Despite the steep price, "movie studios can't get enough of it," the buyer said.
Comedy Central is also extending the final episode to 50 minutes from its usual 30 minutes, which will allow for additional commercial breaks, said Tim Hill, senior VP-integrated investment, UM.
Viacom has been heavily criticized for stuffing more ad time into its networks, with Todd Juenger, a senior analyst at Bernstein, estimating there was 9% more commercial time in the first quarter compared to same period last year.
But Mr. Hill said the company is only adding one extra commercial break into the episode, as opposed to the two that it could have fit.
The departure of Mr. Stewart is bittersweet for Viacom.
It's clear that Mr. Stewart has had an impact on the national political discussion and on the company's image. Viacom will have to position itself as a place that can still create high-impact cultural moments. And the company has been facing a persistent decline in advertising sales -- with domestic ad revenue declining 5% in the most recent quarter -- as ratings continue on a perpetual downslide.

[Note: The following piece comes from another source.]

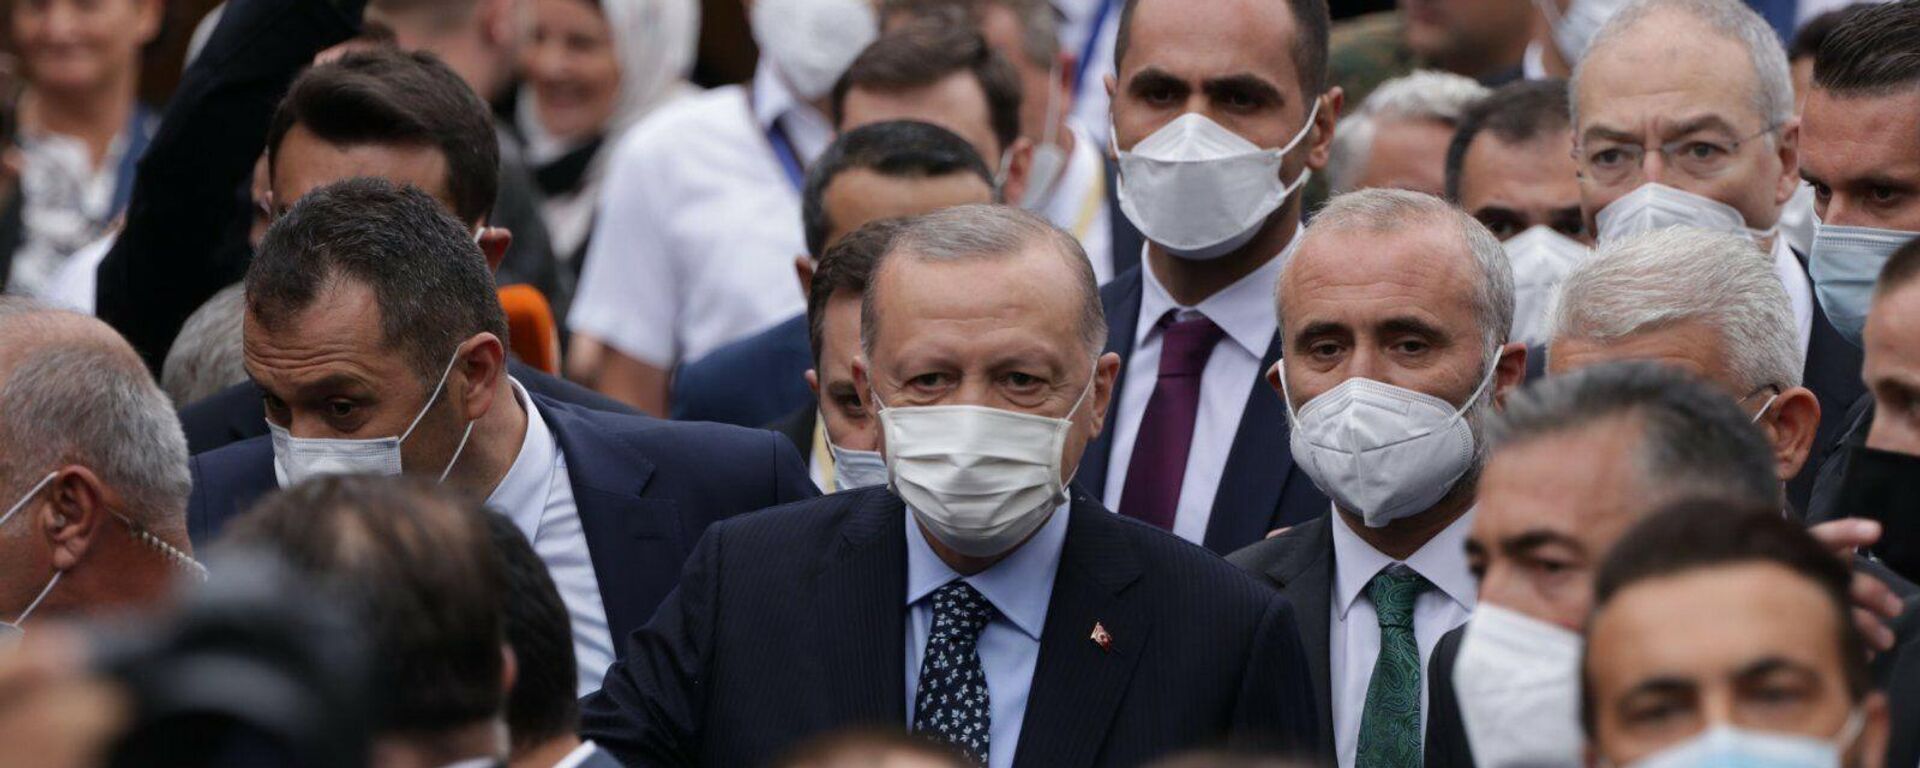 Турски председник Реџеп Тајип Ердоган у Сарајеву - Sputnik Србија, 1920, 27.08.2021

Viacom has argued that its ratings declines is in large part because its core audience of millennials are watching its content on devices and platforms that are currently not measured by Nielsen.
The expectation is that Mr. Stewart's departure will provide an opportunity, for at least a night, to attract viewers to watch the show live.
But it also comes amid a meaningful shakeup at Comedy Central that also includes the exit of Stephen Colbert and Jon Oliver, and most recently the announcement that the hit sketch comedy series "Key & Peele" will end its run after its current season.